* [Data to use]
*** Block opens ***
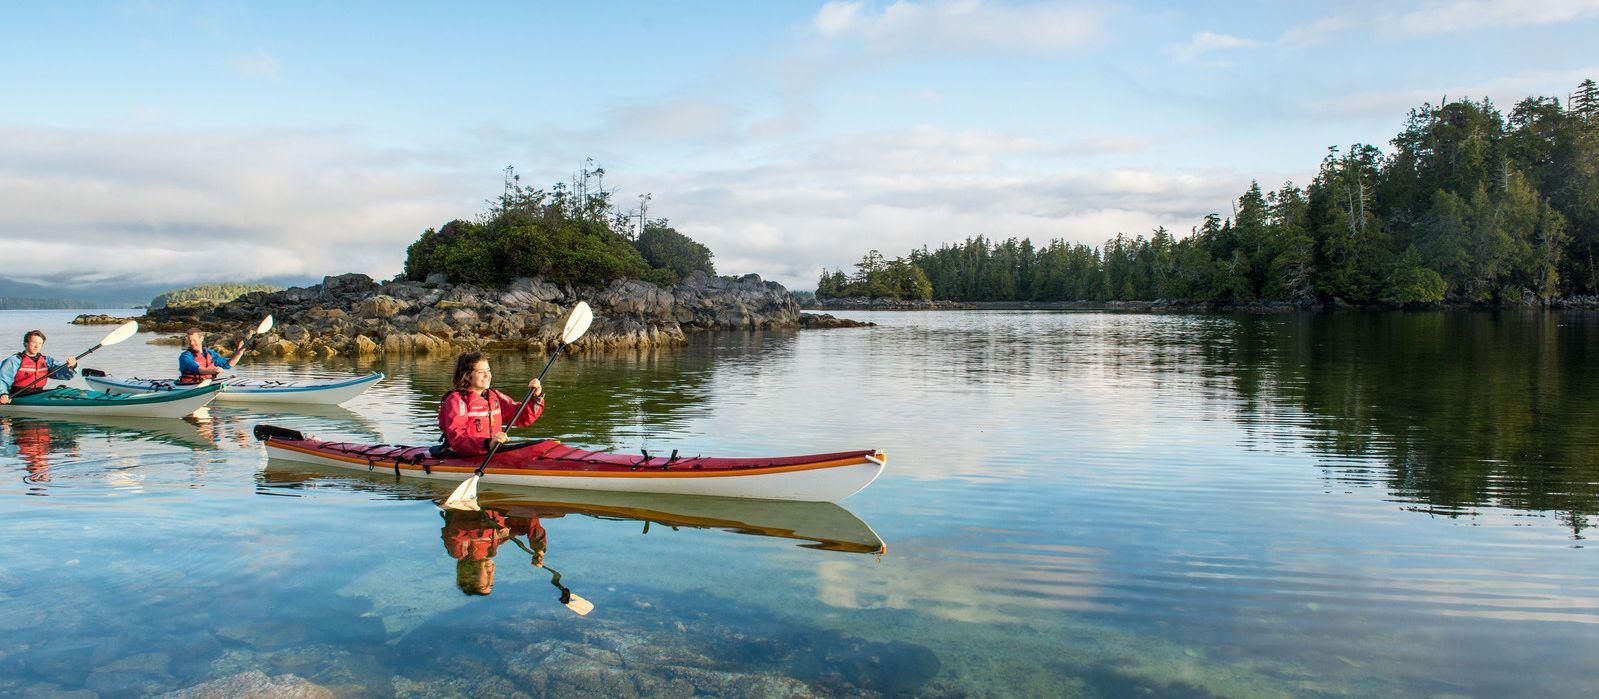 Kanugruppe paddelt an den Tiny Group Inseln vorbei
*** Block closes ***
*** Block opens ***
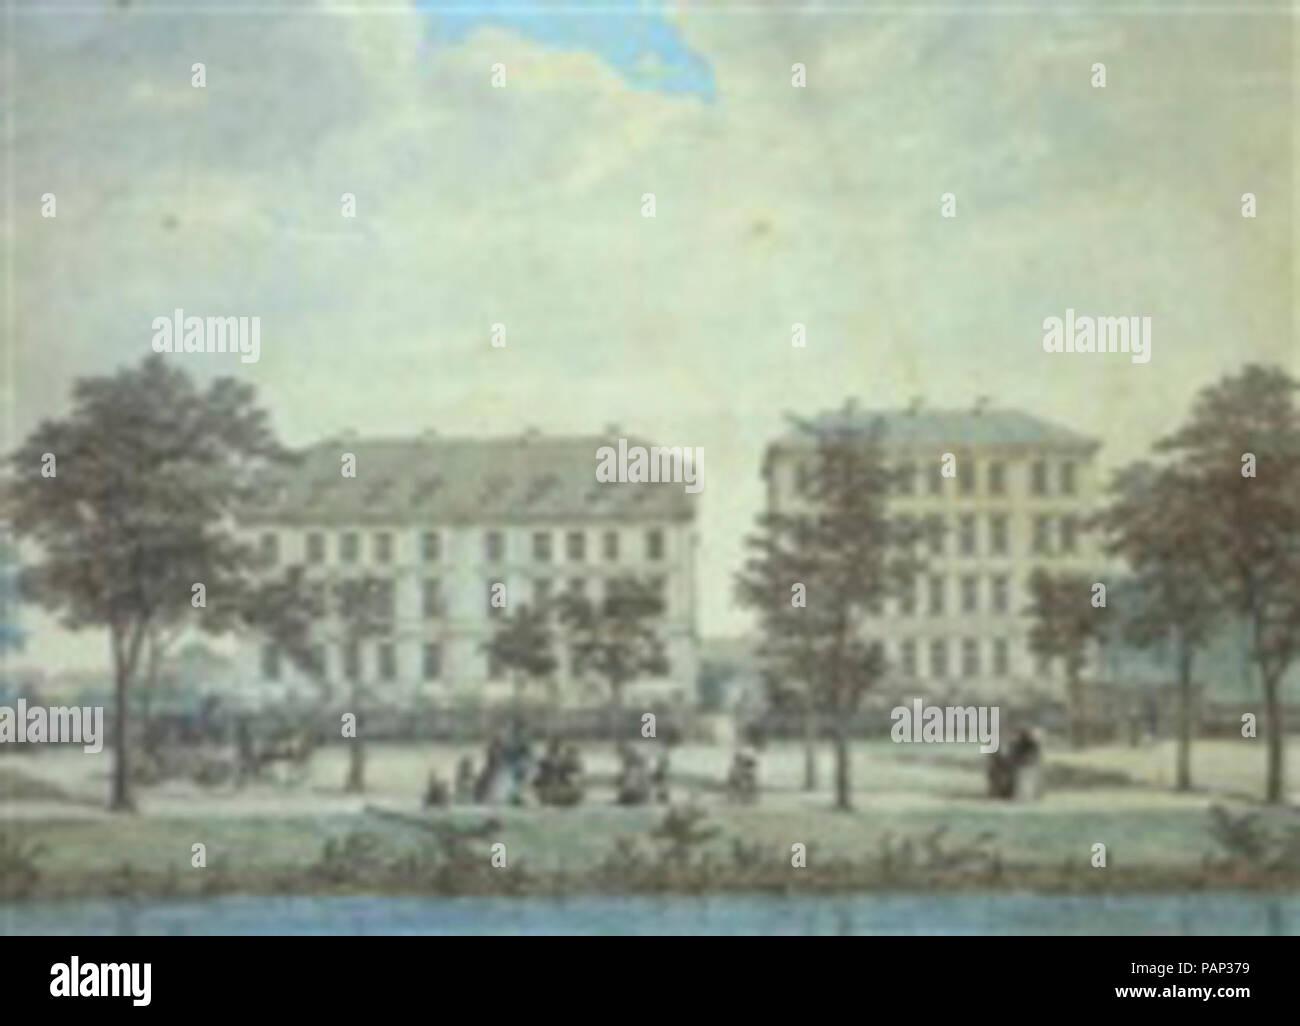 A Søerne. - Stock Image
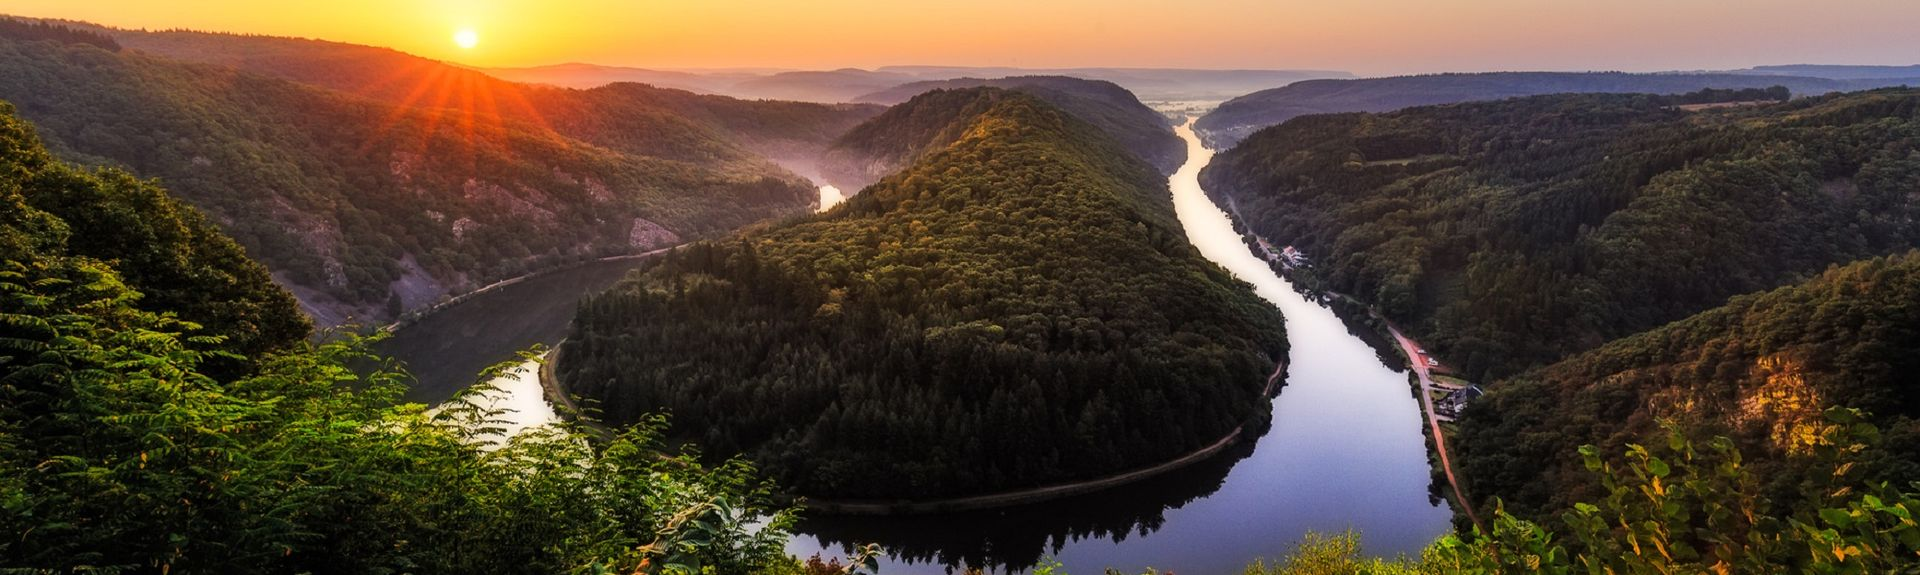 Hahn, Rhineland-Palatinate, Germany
*** Block closes ***
*** Block opens ***
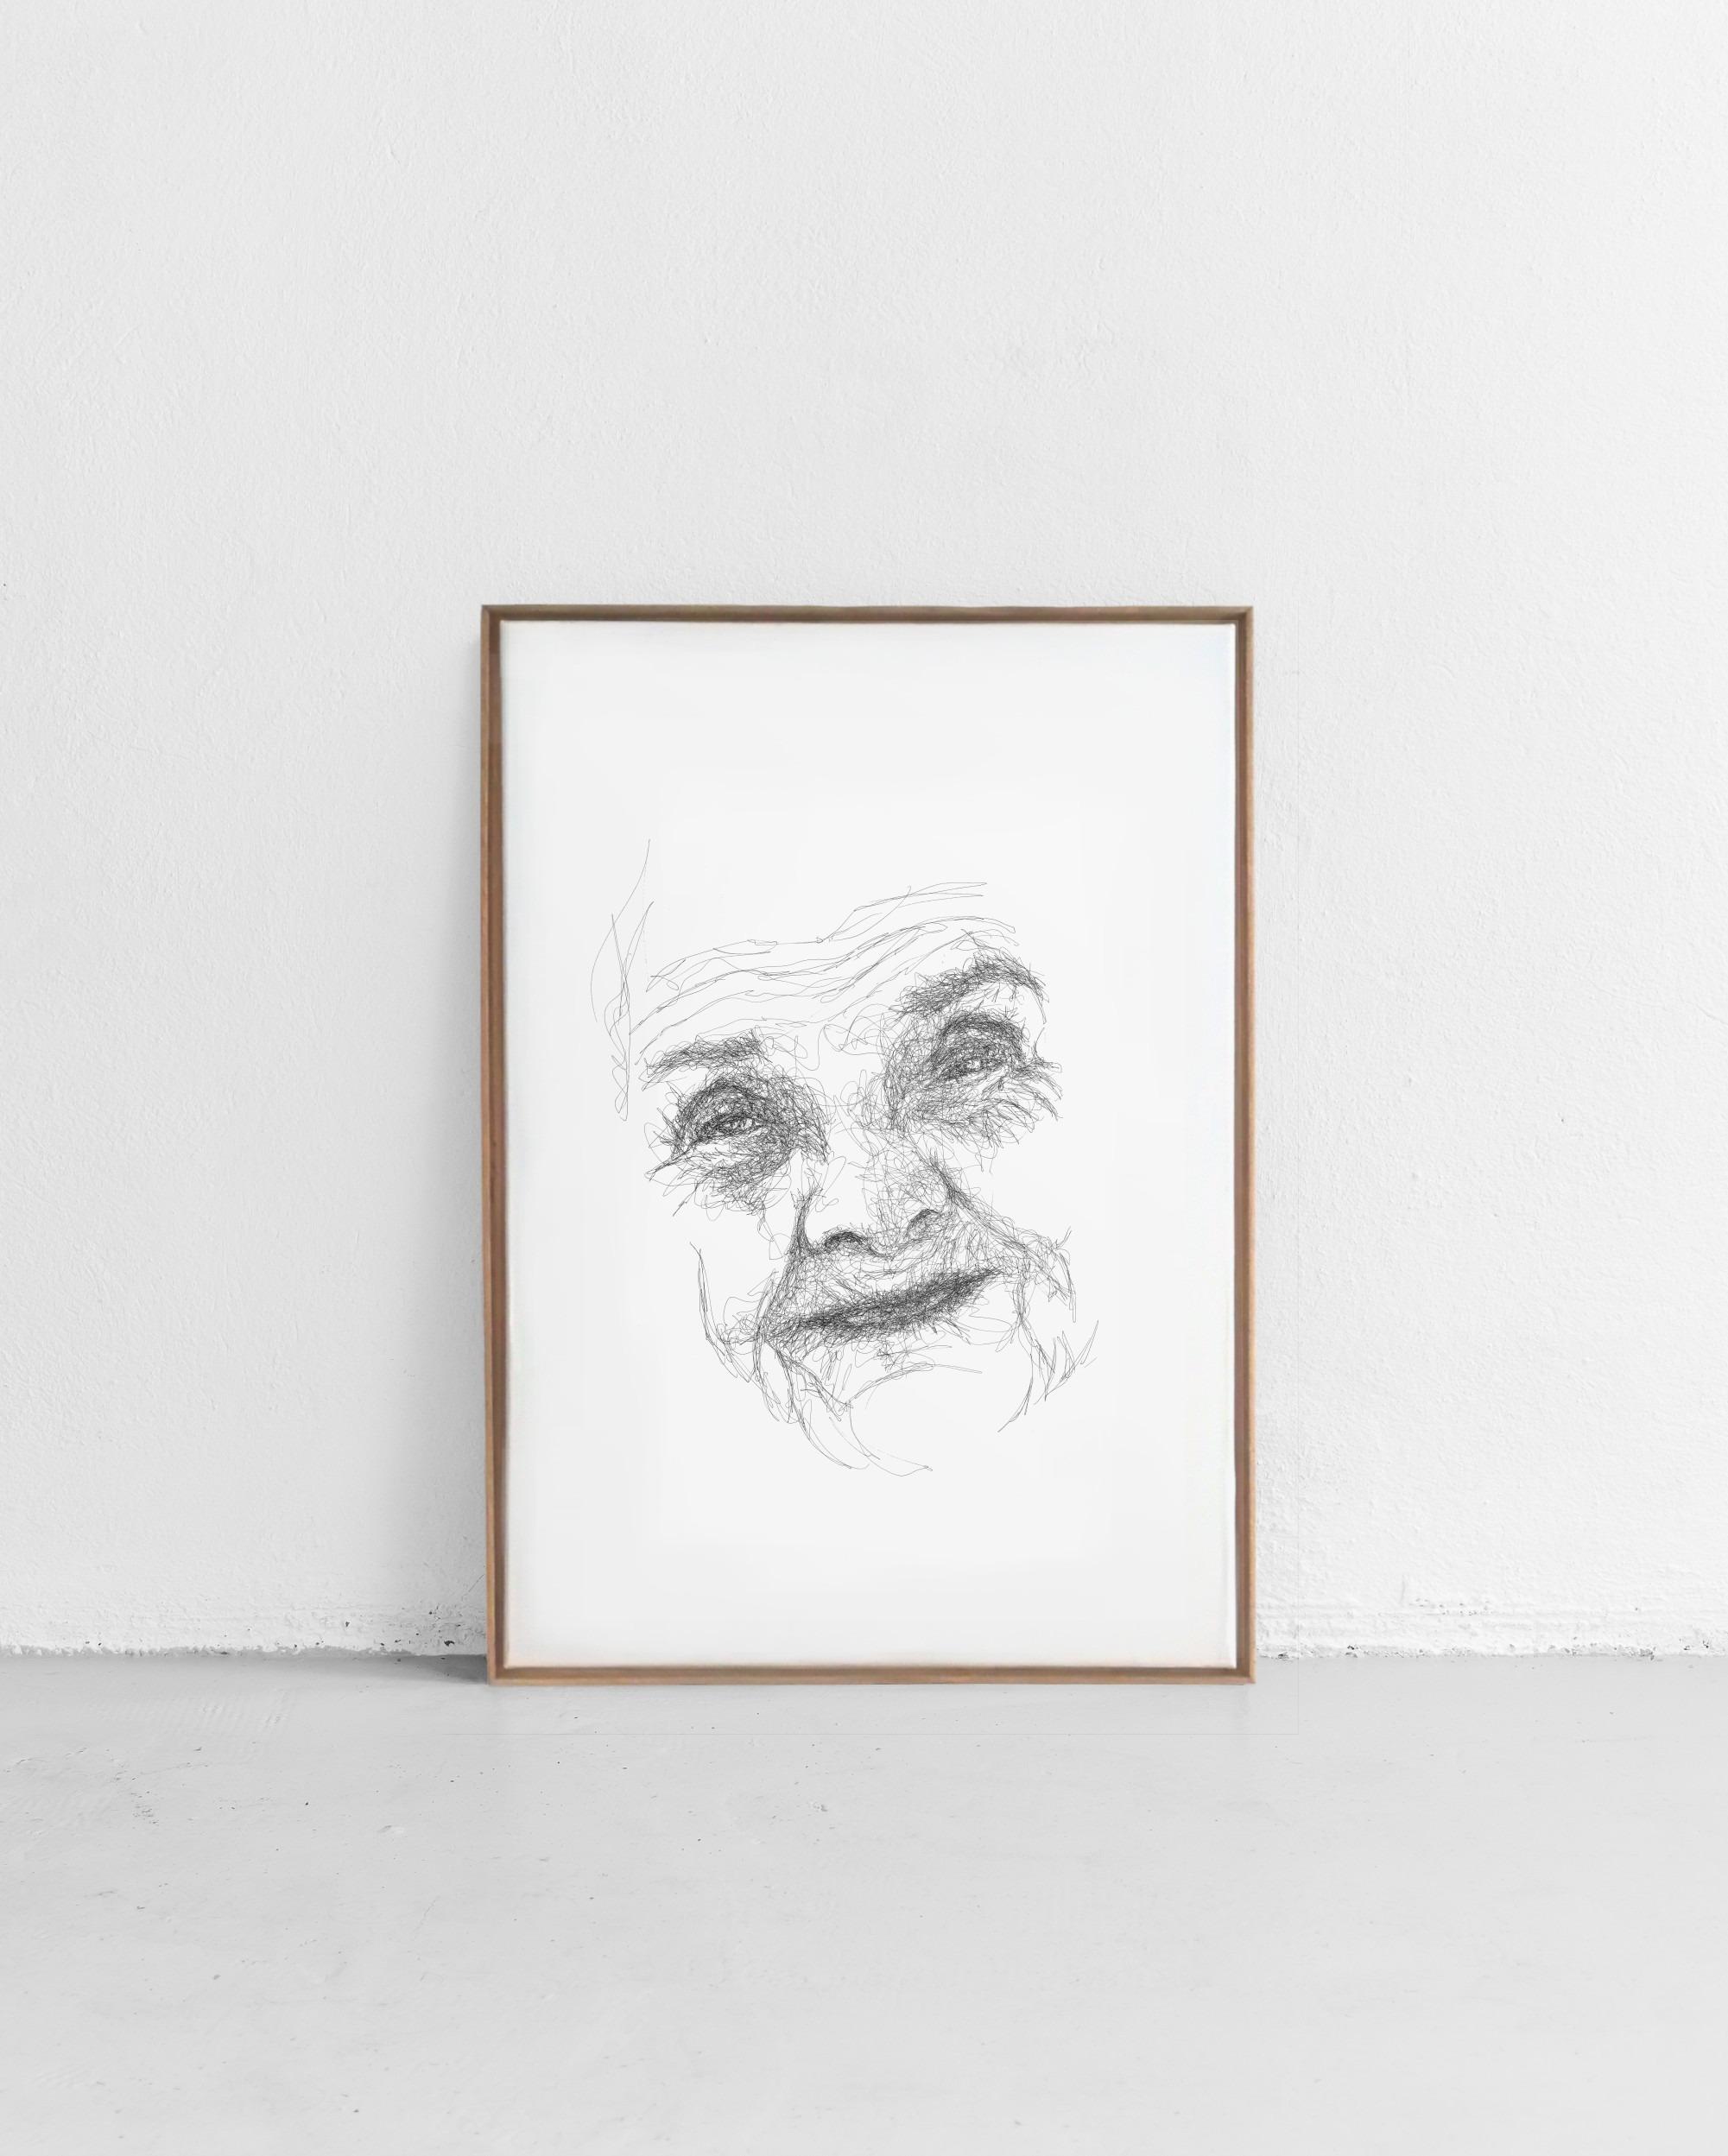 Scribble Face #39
*** Block closes ***
* [Exercise requirements]
Write out the lines above from the one with "A Søerne. - Stock Image" through the one with "Hahn, Rhineland-Palatinate, Germany", ends included, exactly; no picture goes in.

* [Output of the exercise]
 A Søerne. - Stock Image
 Hahn, Rhineland-Palatinate, Germany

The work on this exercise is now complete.